The narcolepsy disorder that is characterized by excessive daytime sleepiness did not come to be known until 1870. It was well over 100 years, just about fifteen years ago around the turn of the 21st century, before any underlying causes for the condition became clear. This came about as a result of groundbreaking discoveries and new insights from two doctors; Dr. Jerome Siegel from the University of California at Los Angeles and Dr. Emmanuel Mignot at Stanford University.
The primary cause of narcolepsy is a lack of hypocretins which are neurotransmitters that transmit signals from one neuron to another neuron. Hypocretin are produced by a small cluster of neurons in an area of the brown known as the hypothalamus. This section is located directly behind the eyes.
There are only about 100,000 to 200,000 hypocretins that are produced during the human state of wakefulness which bind to certain protein receptors, increase the activity of the neurons and work to prevent REM (rapid eye movement) sleep from occurring at the wrong time of day (as well as promote alertness throughout the day). Scientists can determine the amount of hypocretins in the brain by measuring the amount of cerebrospinal fluid which surrounds the brain. The results in those individuals who were diagnosed as having a narcolepsy with cataplexy are shown to have up to a 95% decrease in their hypocretin producing neurons.
The hypocretins that are produced in the morning die off which explains how people with narcolepsy start off in a state of alertness but gradually feel more and more tired as the day goes on; unlike those with other sleep disorders such as obstructive sleep apnea where people do not usually receive a good night’s sleep and feel tired from the moment they wake up. This also leads to a REM sleep that is poorly regulated and a lasting sleepiness to the point that the nonstop sleeper has to take a twenty minute power nap throughout the day just to main a few extra hours of wakefulness; particularly if they are getting behind the wheel of a car.
The lack of hypocretins that causes the poorly regulated REM sleep also causes the temporary paralysis and dreaming that occur only during REM sleep to mix into the wakefulness state during the day. The result being an individual who suffers from narcolepsy can have a hard time distinguishing between their awake states and their sleeping states; depending on the severity of the condition of course. At its worst the condition of narcolepsy can lead to dream-like hallucinations and cataplexy which is a partial paralysis that occurs upon falling asleep and upon waking up. Though cataplexy only lasts a couple minutes it can be scary, especially if it happens in the morning since the paralysis can make the person wonder if they are having a stroke which typically occurs in the morning.
While many patient who are diagnosed with narcolepsy do not have associated cataplexy, many may only have one or two episodes of cataplexy throughout their life. Those with a more extreme form of the condition can have up to twenty episodes a day which could be embarrassing if in public, or even fatal if they are driving a motor vehicle.
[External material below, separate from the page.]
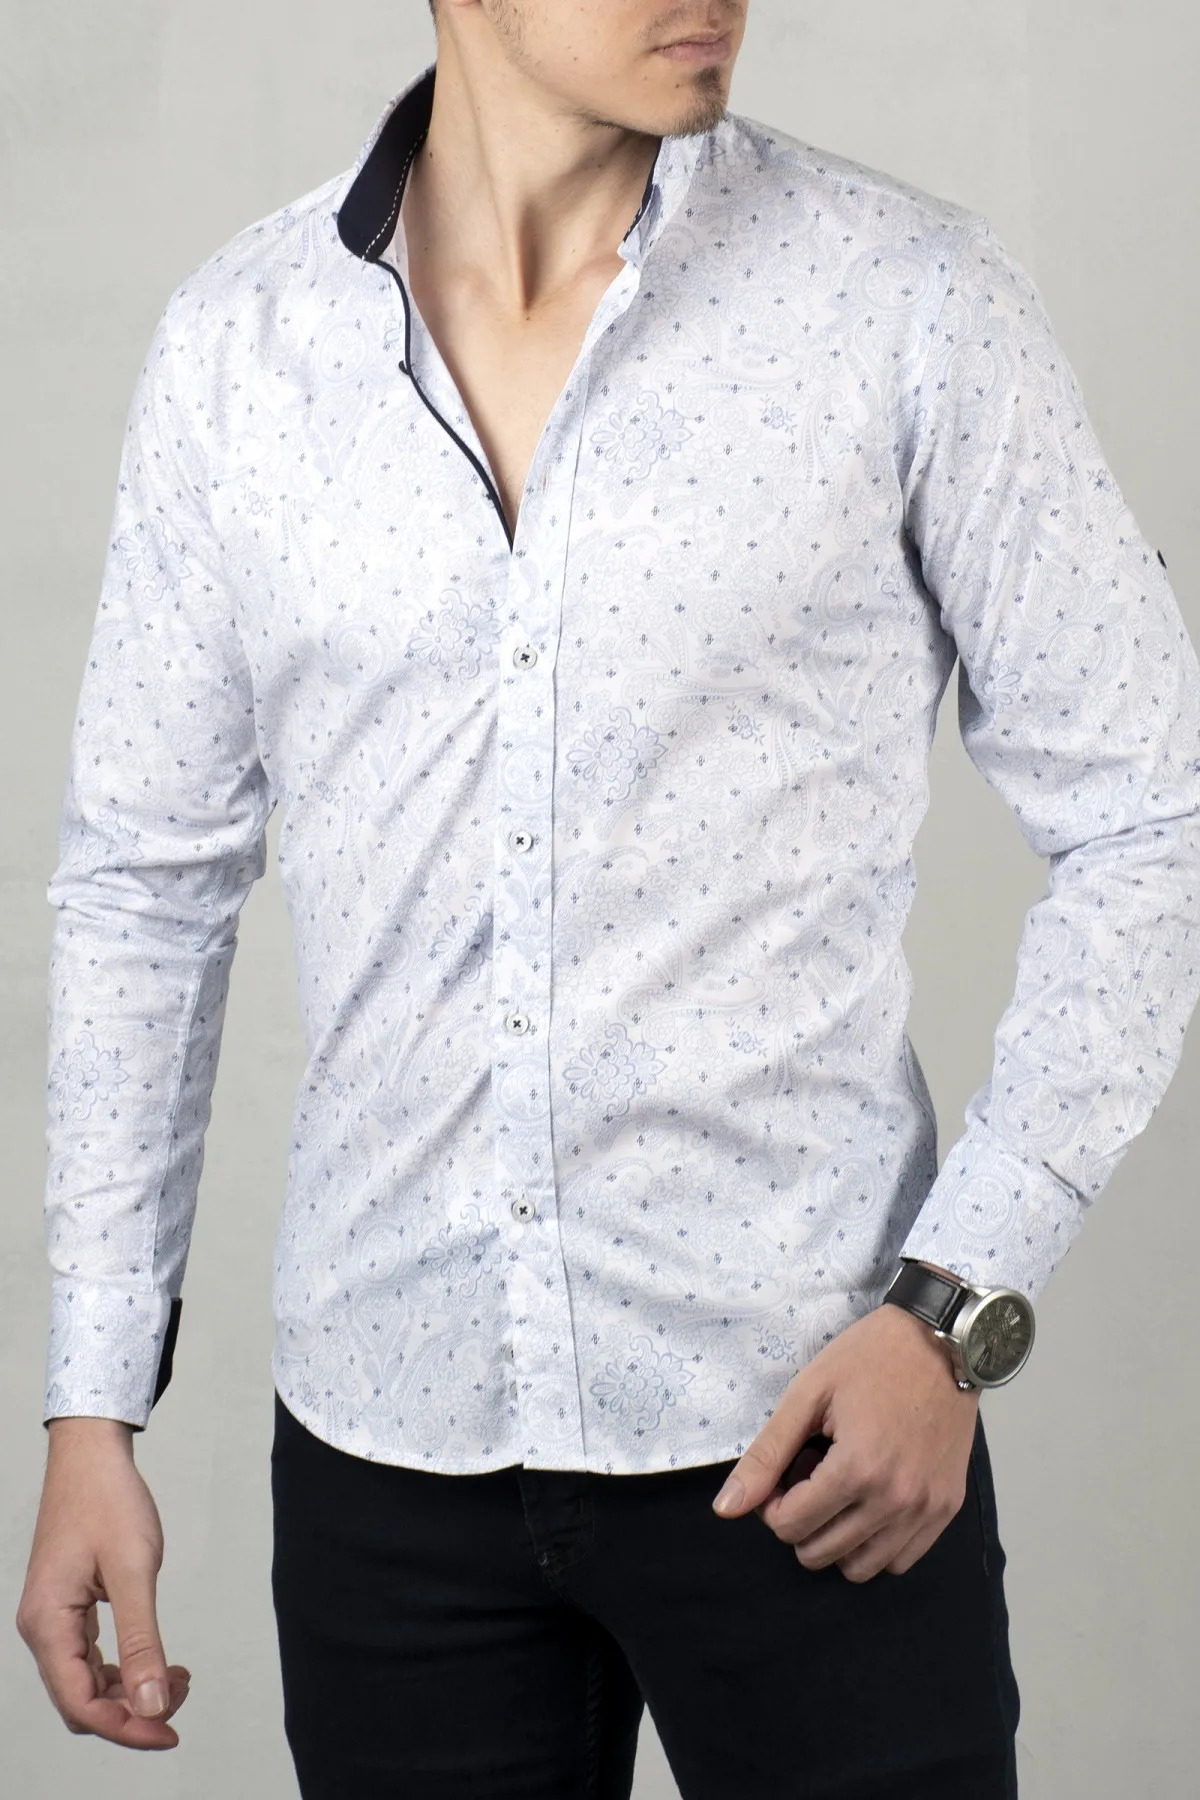 

Белая мужская рубашка DeepSEA, 100 хлопок, с узким узором, с длинным рукавом, весна, лето, Осень, Зима, повседневная, деловая, 2005019

Only a sleep study can reveal whether a person has narcolepsy, with or without cataplexy, or some other sleep disorder such as sleep apnea. It also can be noted that there is a fine line between narcolepsy and mental illness, such as depression. This is because the neurons that are essential for maintaining wakefulness and alertness are the neurotransmitters known as norephinedrine (which provides the adrenaline that the body runs on) and serotonin. A shortage of the latter can cause a person to feel low energy, depressed, or even anxious. The hormone melatonin is what gets released at night when it is dark to promote sleep and overflows into serotonin so when sleep is poorly regulated this can lead to an imbalance. This would be the leading rationale as to why antidepressants are often used to treat patients with narcolepsy.
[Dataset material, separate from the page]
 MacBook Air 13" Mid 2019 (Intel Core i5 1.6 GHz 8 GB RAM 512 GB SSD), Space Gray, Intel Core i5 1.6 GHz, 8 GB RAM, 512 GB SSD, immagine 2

These two neurotransmitters also serve to block paralysis in the lower brain stem and the lower spinal cord so paralysis usually happens because of the imbalance in serotonin and norephinedrine due to the loss of hypocretins. The paralysis can be triggered by negative emotions such as anger and crying. In a study performed with dogs and cats, tasty food also triggered cataplexy which proves that even positive emotions can trigger the paralysis as well. The positive emotions typically occur during a state of arousal when the dopamine, another neurotransmitter, is elevated. An example would be laughing at a funny joke so hard that it sets off an episode of cataplexy.
Lastly, narcolepsy, like many other conditions, is genetic. Ongoing research has found a gene code that contributes to narcolepsy, this gene is human leukocyte antigen DQB1 06:02 which is an important to maintain healthy immune function. That finding would make narcolepsy an autoimmune disorder that can be triggered by as little as a seasonal infection such as streptococcus, or strep throat. The gene is estimated to only be in anywhere from 12% to 25% of the population even though only as little as one or two percent of population may experience the illness.